Outside the window, the joyful melody of a cardinal's morning song rides along the surface of the silence. The wind howls and tree limbs dance.  There is even a luminescence to the grayness in the skies that is mirrored in the puddles than yesterday's sun had created.  

As I sit here typing, this seems to happen whenever I pause.   I'm wondering what would happen if you (yes, you!) would pause, right here and now, and bring some of your attention to the sensations sparking through your body, take a few full, deep breaths , then turn your attention to the sights and sounds around you before moving on to click: (READ MORE.)


So, did you do that? (Pester.  Pester.).  

A Few Thoughts about Thought  

I'm not saying that thinking is bad.  In fact, over the years, having compared notes on mindfulness and meditation with lots of people, there seems to be a common misconception that the goal of meditation is NOT think.  Though it is true that there are sweet swathes of time that the thinking mind takes a break and leaves us in wonder, that's not the point.  In fact, as Practice deepens, we come to appreciate that this part of our mind is, in itself, an absolute wonder.  

Yes, it is true that left to its own devices, a fixation on thoughts can catapult us into endless dramas about yesterday and tomorrow.  Yet the part of our mind that generates thought is also capable of poetic brilliance.  It can create words that express insight and inspiration.   

As Buddha, Jesus, and the other seers and sages of the world's wisdom traditions have proclaimed, what we think matters.

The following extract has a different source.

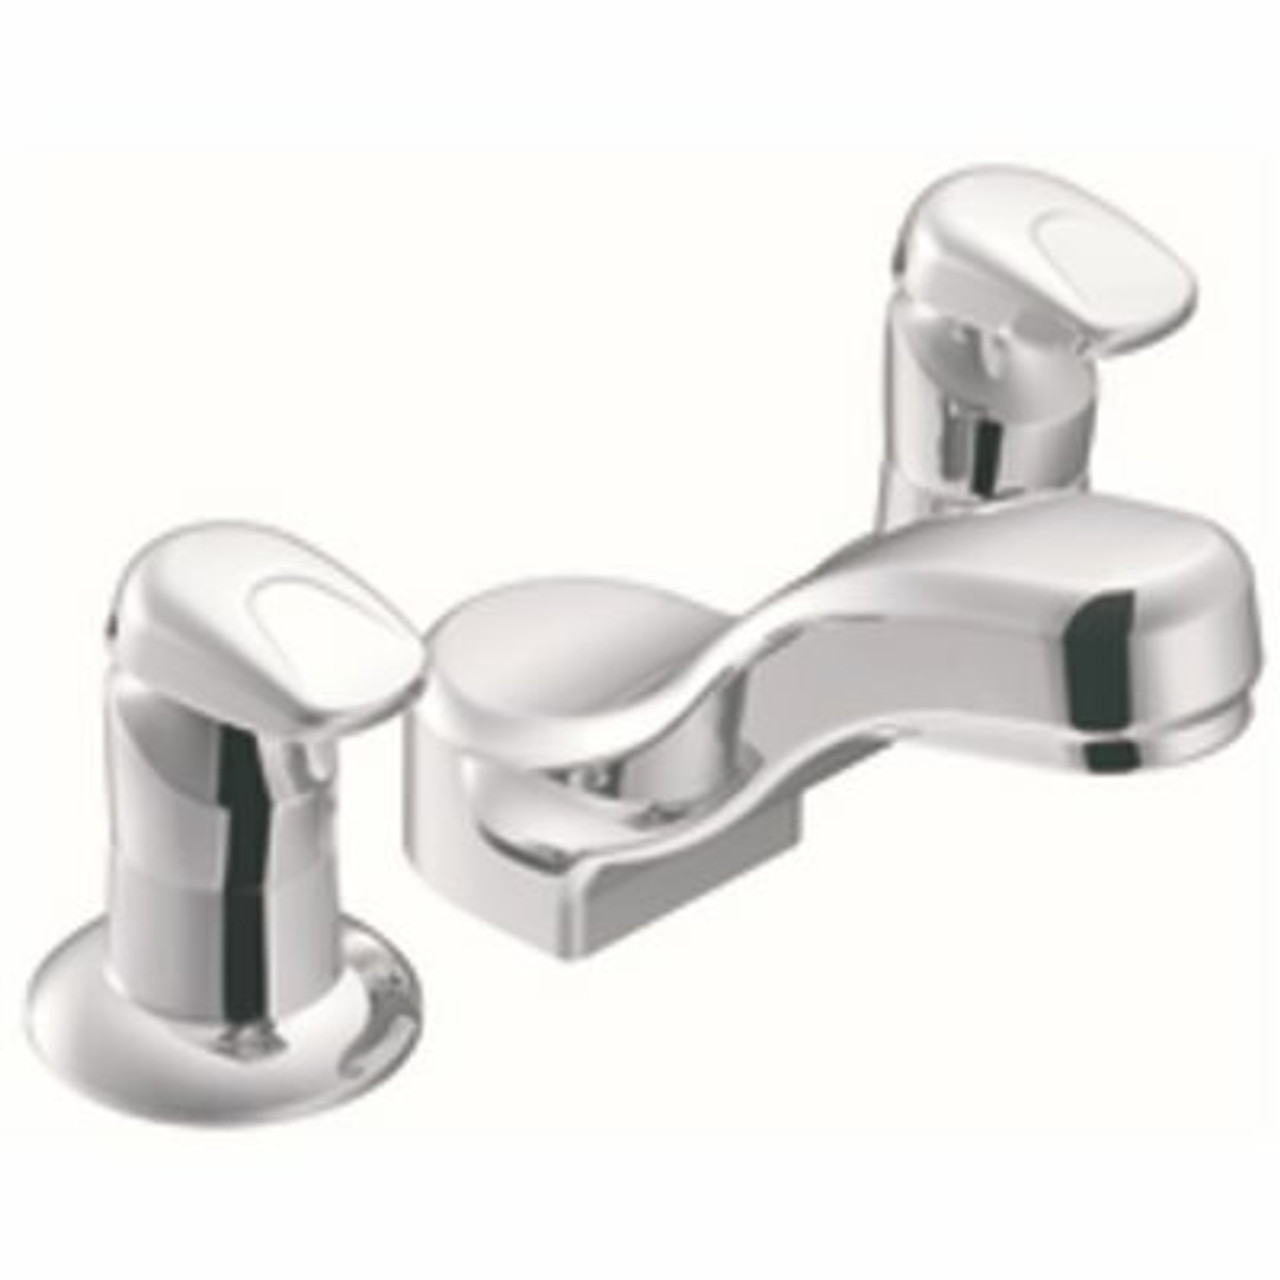 Moen M-Press 8 In. Widespread Double Handle Metering Bathroom Faucet In Chrome

The nature of our thoughts serves to create the nature of our life experience.  Thoughts can help pave the way to hell -- or grease the rails to heaven. 

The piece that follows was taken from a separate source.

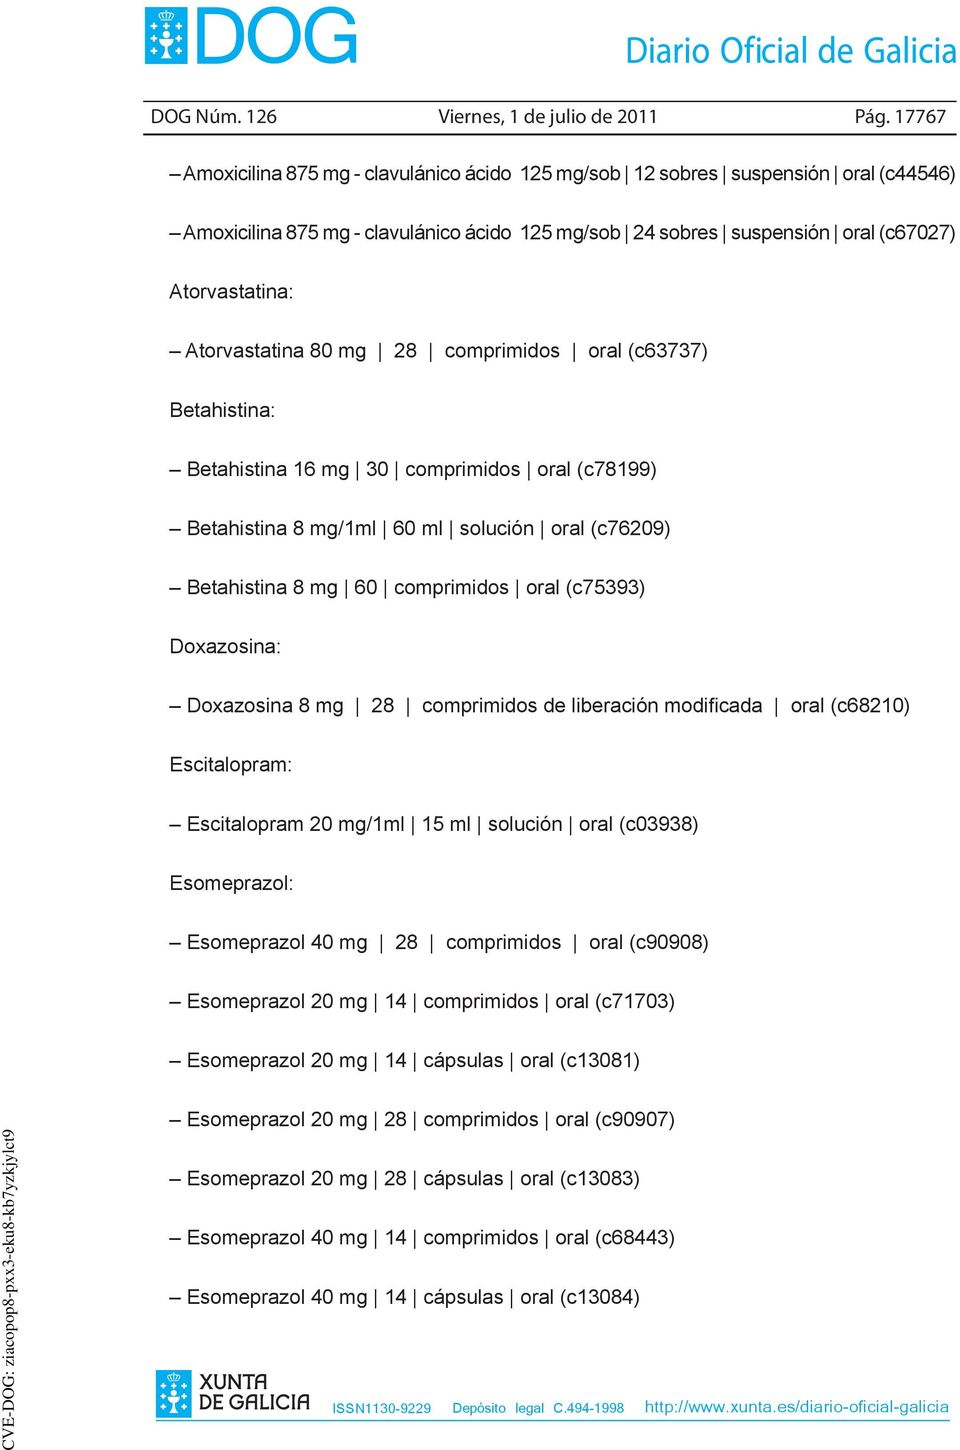 Atorvastatina 80 mg 28 comprimidos oral (c63737) Betahistina: Betahistina 16 mg 30 comprimidos oral (c78199) Betahistina 8 mg/1ml 60 ml solución oral (c76209) Betahistina 8 mg 60 comprimidos oral

One of the major merits of Practice is that we are able to expand our awareness to embrace thought in the arms of a clearer, calmer, and more comprehensive quality of consciousness.  Simply Sitting Still -- and noticing when thought draws us away from our primary meditation object (be it body, breath, mantra, prayer, visualization, etc.) is a game-changer.  At that very moment, you engage the mind's ability to observe, rather than be totally immersed in, the part of our mind that generates discursive thought.  In engaging our capacity to simply witness our thoughts, we begin to gain a greater degree of freedom from our habitual way of reacting to life.   

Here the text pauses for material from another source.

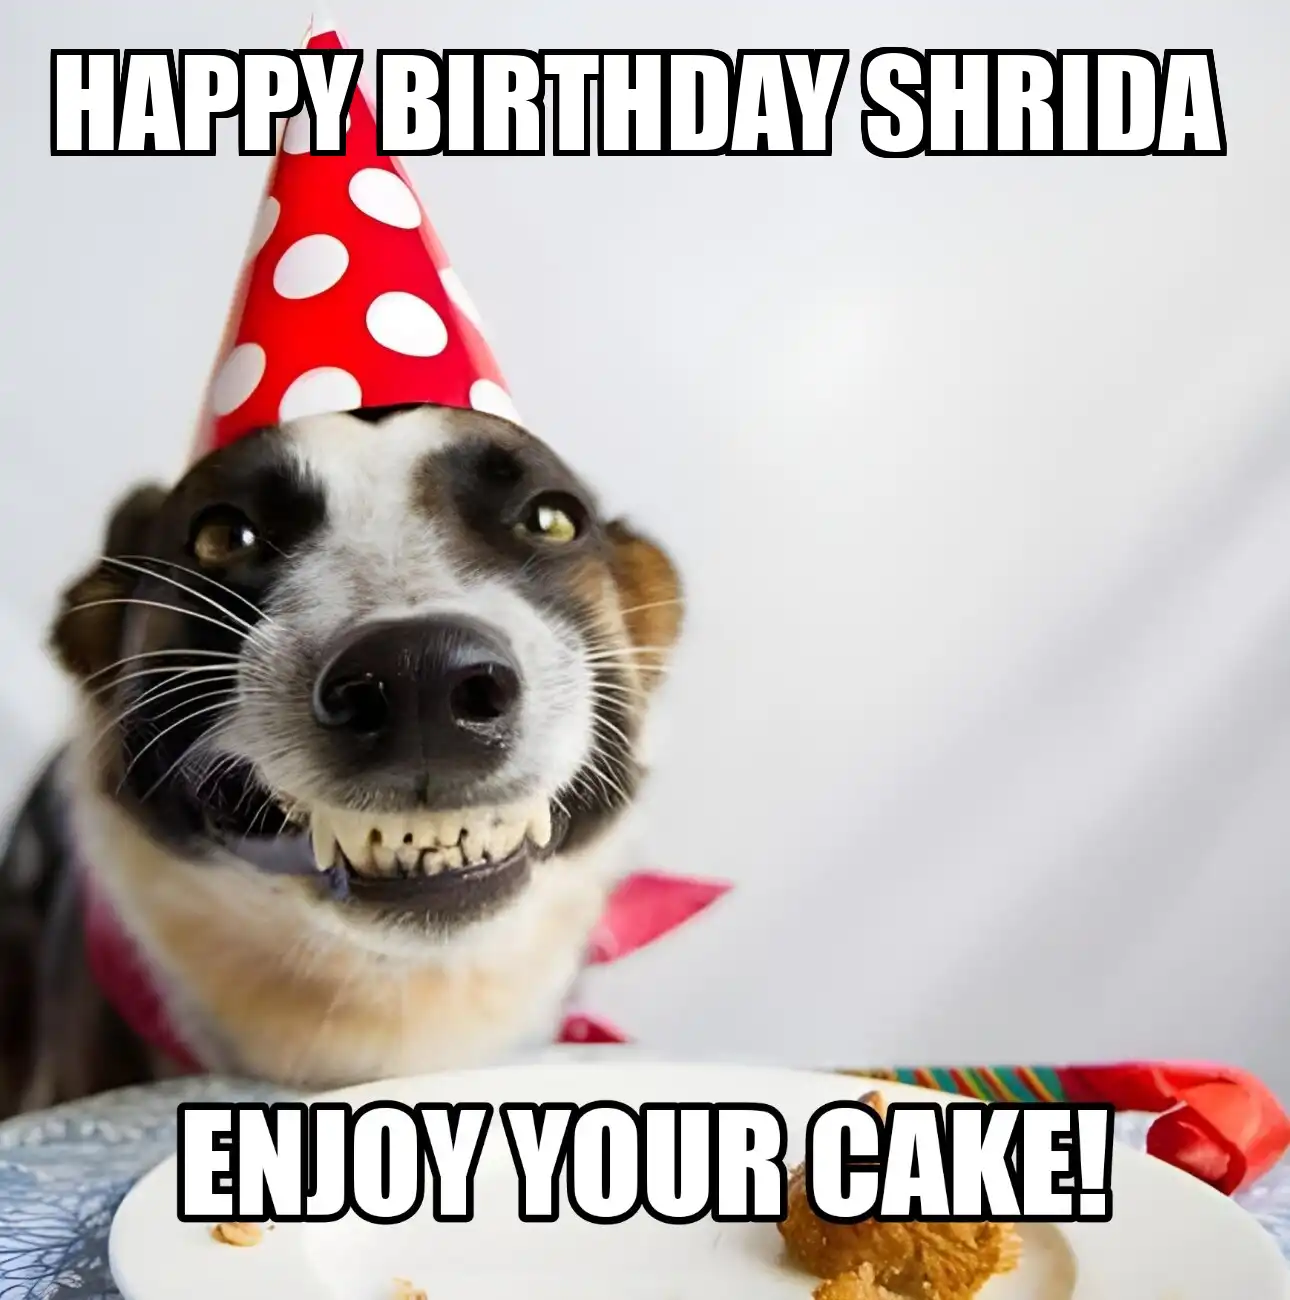 Happy Birthday Shrida Enjoy Your Cake Dog Meme

Then, with Practice, the quality of experience shifts.  Over time, we are less likely to be "lost in thought."  Rather than dominating our awareness and becoming the overbearing soloist in the unique musical theater of our own life, the thinking mind returns to its proper place as a member of the choir.  
 
More fully present to the dancing sensations of breath and body, mindful awareness emerges.  Hearing the sounds play across the ever present silence, delighting in the symphony of colors, our hearts and mind open to the present moment.  Life emerges as the Miracle that it is. 

Our thoughts can sing in harmony with this -- or not.  Yet, in the all-embracing heart of awareness, even dissonance isn't necessarily a bad thing.  It simply is.  With Practice we may find that we can appreciate it as well.

At least, that's what I'm thinking at the moment!